Over the past week we've seen a real changing of the guard. Maybe being home last summer with Zoe was enough to make me forget just how much the community changes during shipyard, but I never remember it being this drastic. One by one, friends are heading for the airport, back to lives and families across the globe, and whether it's for vacation or for forever, it's been a long series of brutal goodbyes.
Today is going to be the hardest one.
Becca and I have known each other since Benin. (That's how you measure time around here. Not in years but in countries. We met in Togo. The first one, you say, and everyone knows it was sometime in the first half of 2010.) We've worked together in the hospital and shared our love of all things pediatric. We lived through our pregnancies together, due just three days apart with our firstborn daughters. We've spent the last six months muddling through the crazy joy of raising infants on a ship, and at 4AM tomorrow, she and her husband and Zoe's best friend will join the ranks of the leavers.

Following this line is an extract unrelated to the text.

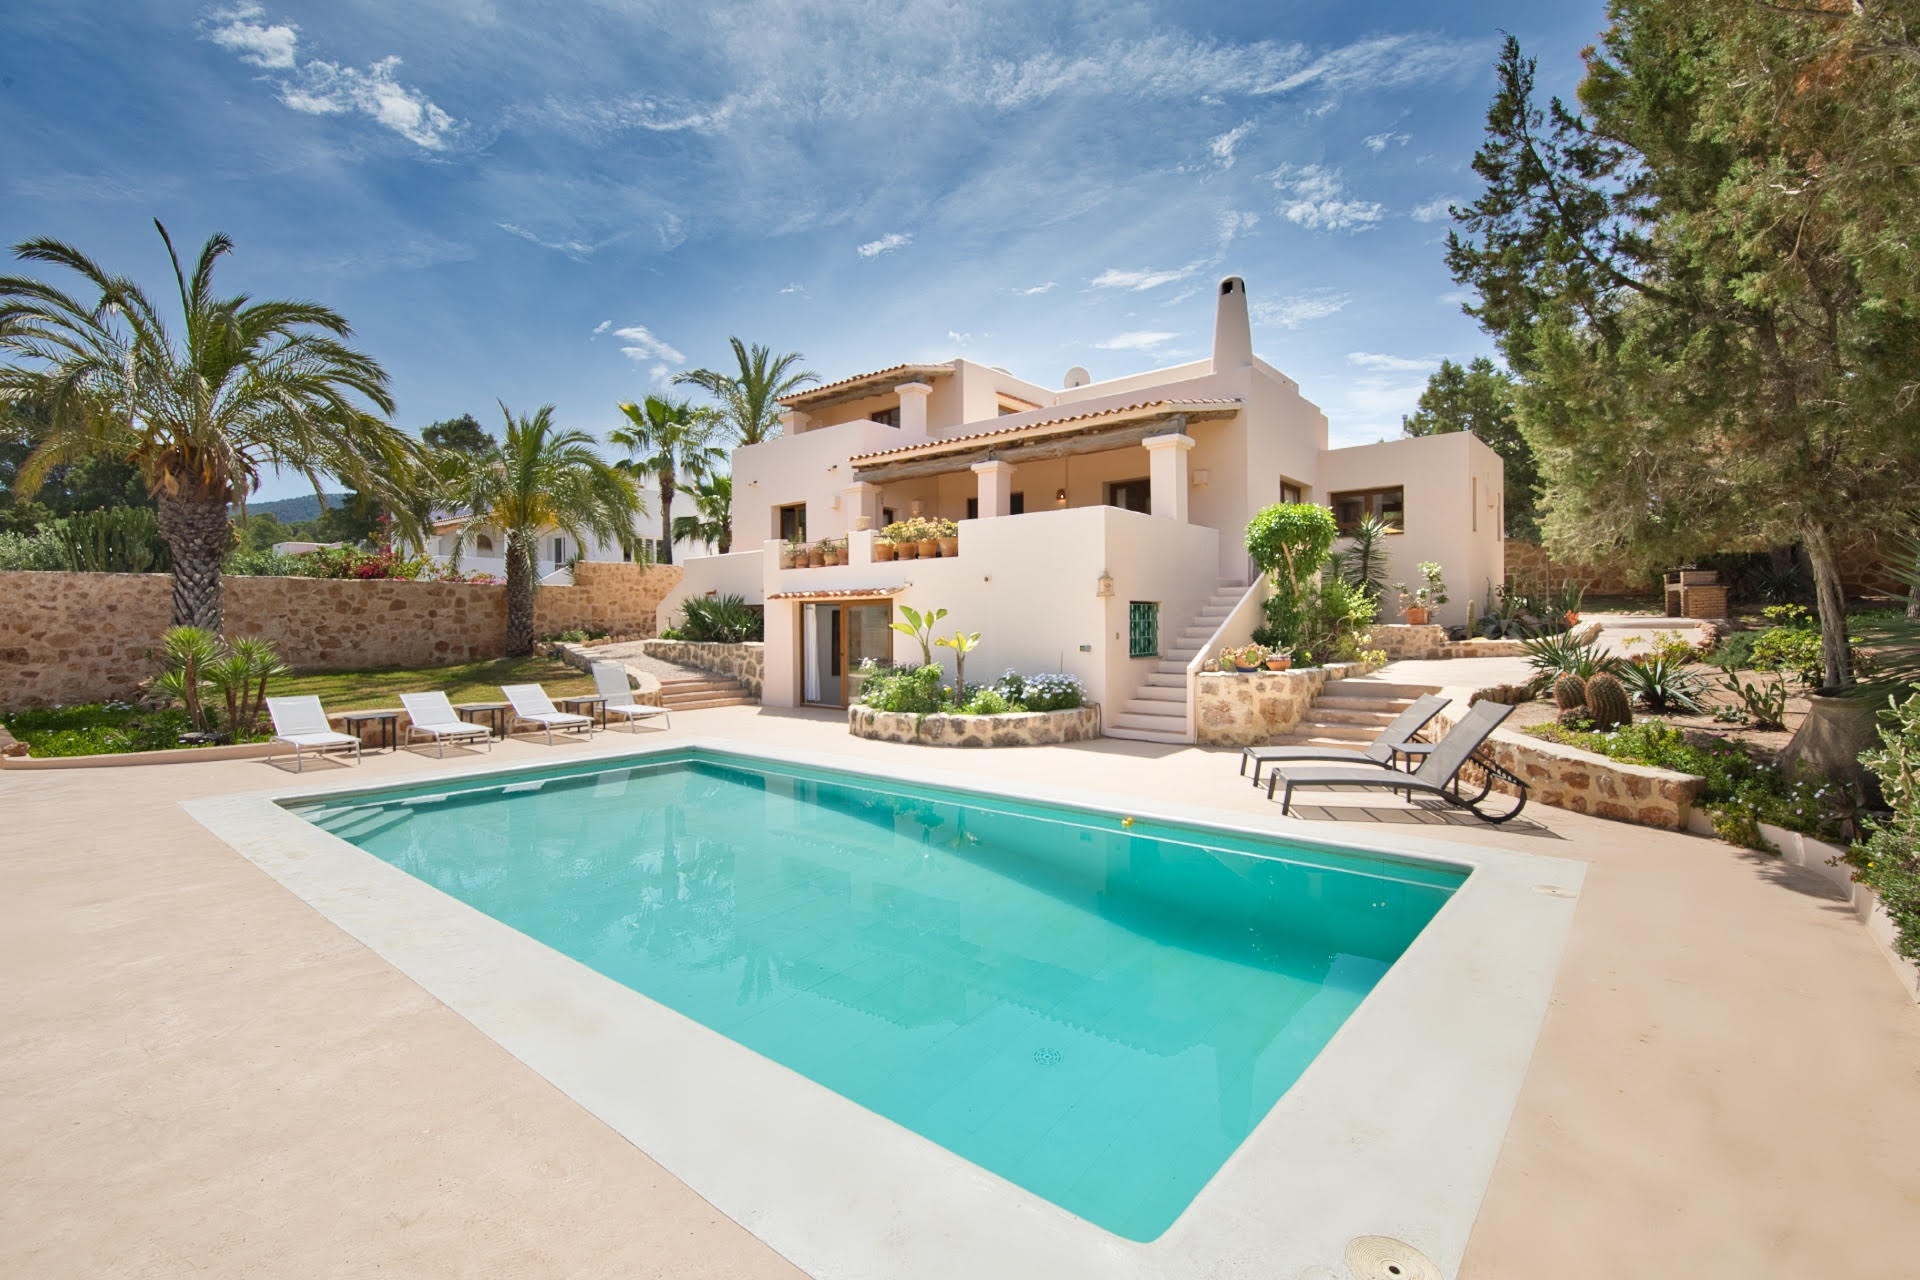 Prachtige villa gelegen tussen het strand van Cala Vadella en Cala Vadella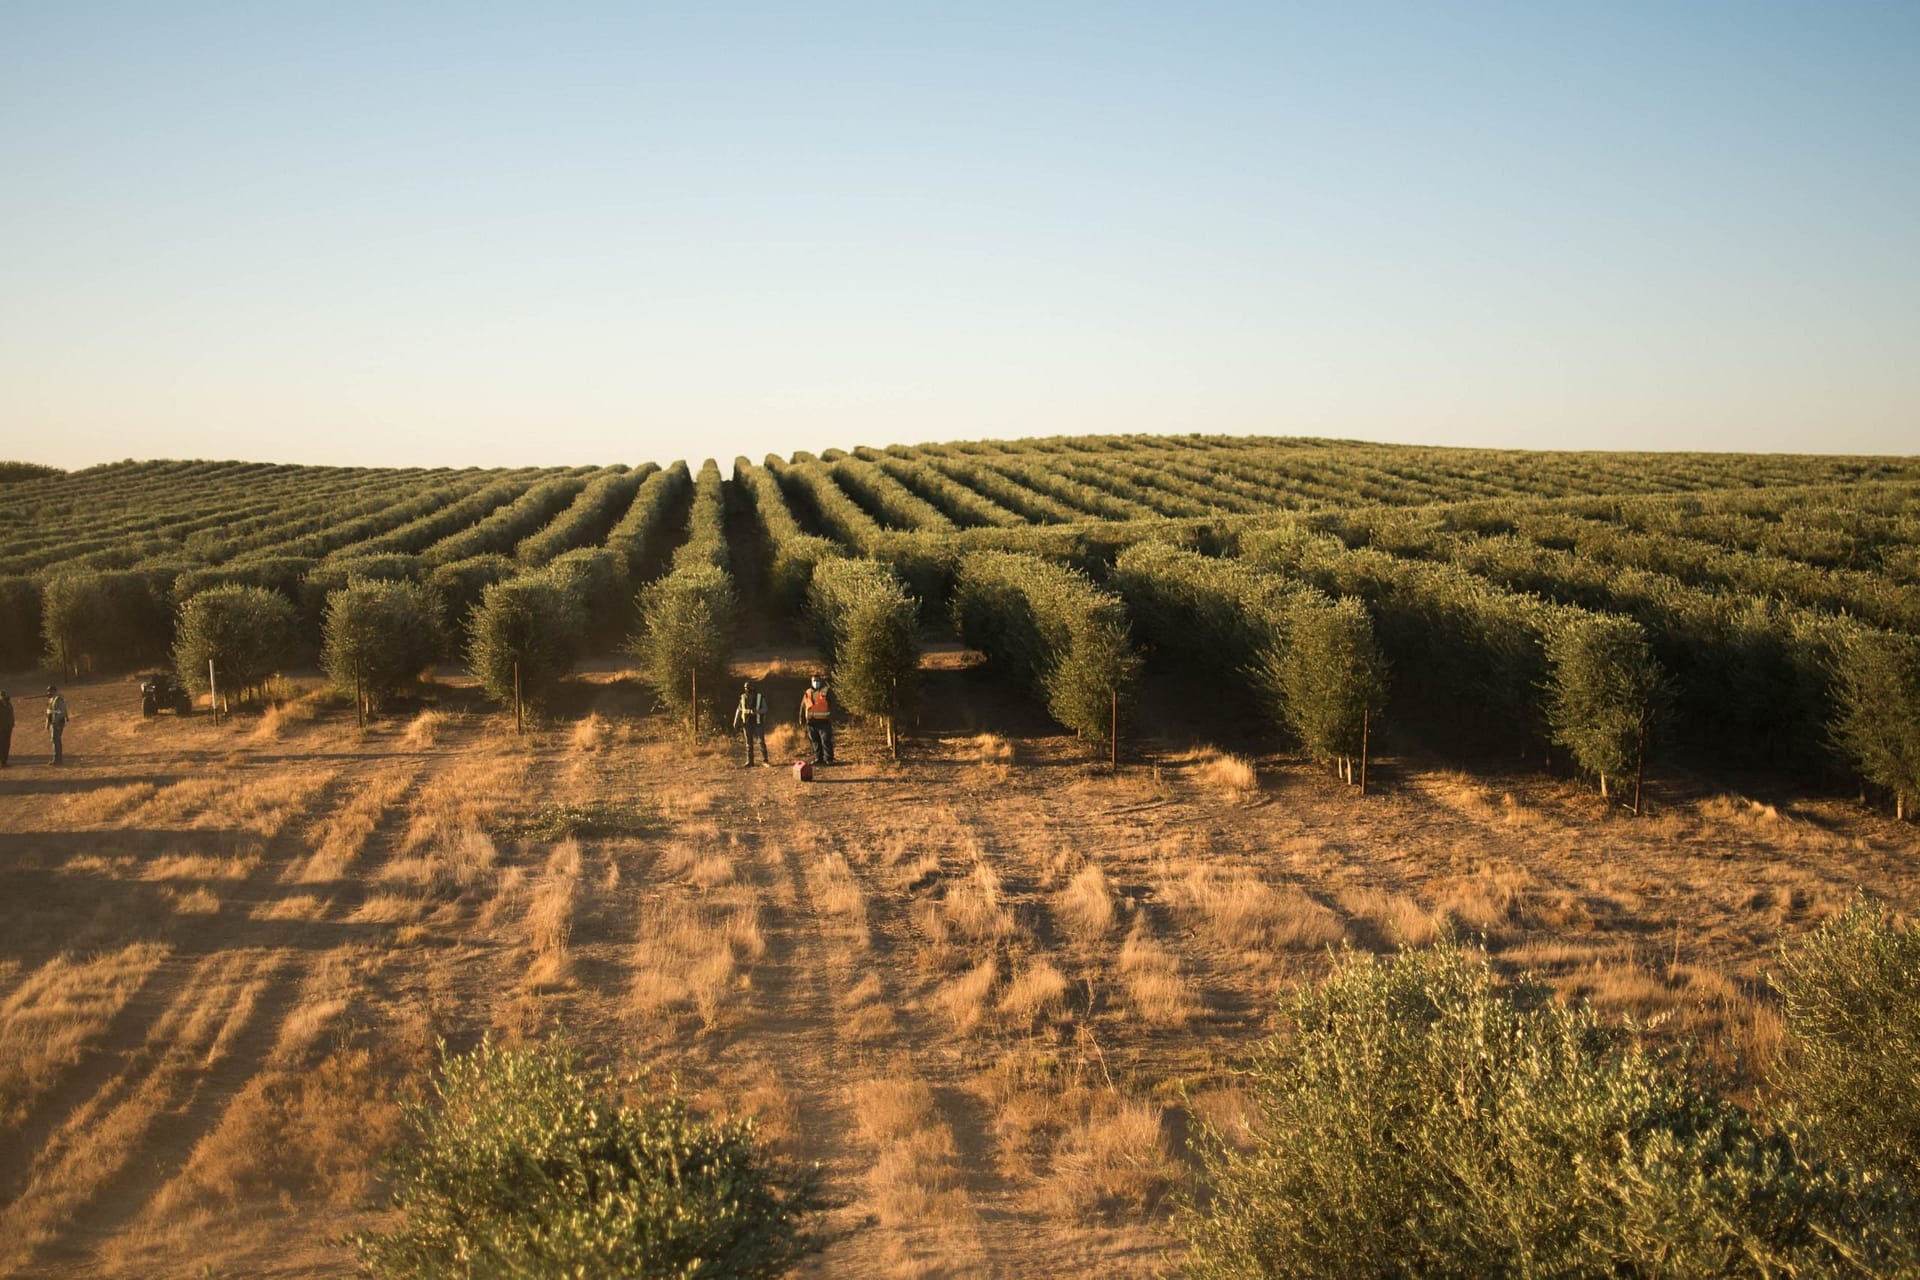 sjeverna-amerika-najbolja-maslinova-ulja-natjecanja-proizvodnja-californians-navigate-a-challenging-harvest-with-unwaltering-commitment-to-quality-olive-oil-times

I'm finding it impossible to put into words what it's meant to me to have her by my side for this part of the journey. Mamahood is hard. There's no denying that. It's relentless and exhausting and frightening, and it's not something I recommend doing alone. It's also the most wonderful, joyful, awe-inspiring thing I've ever been a part of. Also not things you want to experience alone.
Becca has been my cheerleader on days when I was too tired to get out of bed. She's listened to me complain and offered a shoulder to cry on when it felt like the baby year would never, ever end. She loves my daughter and rejoiced with me over Zoe's first steps, the first time she ate food, the first time she slept through the night. She's the guaranteed smile-getter and my number one baby wrangler for photo shoots.
And it's not just Becca's friendship that's been so sweet. Our girls light up when we bring them into the same room, crawling as fast as they can to get near each other. Zoe having a bad day? Go visit Hailey and all is forgiven. We joked when they were first born that they'd be best friends; it turns out that's exactly what's happened.
As they prepare to leave, my heart is heavy, knowing that Zoe won't have a single memory of these precious days with her first friend. We'll remember it for them, though. The Deck Seven play dates and market walks and trips to the park. The Saturday afternoon football watching and matching outfit photo shoots and pool parties in the hot, African sunshine.
These little girls have a lot of life left to live, and my prayer as Hailey goes is that all their friendships will be this sweet. I'm already looking forward to the next time that we see each other, and in the meantime, I'm considering getting this printed big enough to paper our walls with, just to make sure Zoe never forgets.

(There's too much cuteness there to fit in this blog post; you can click here to see the full-size version. Be warned: it's huge. Ship people, don't even bother.)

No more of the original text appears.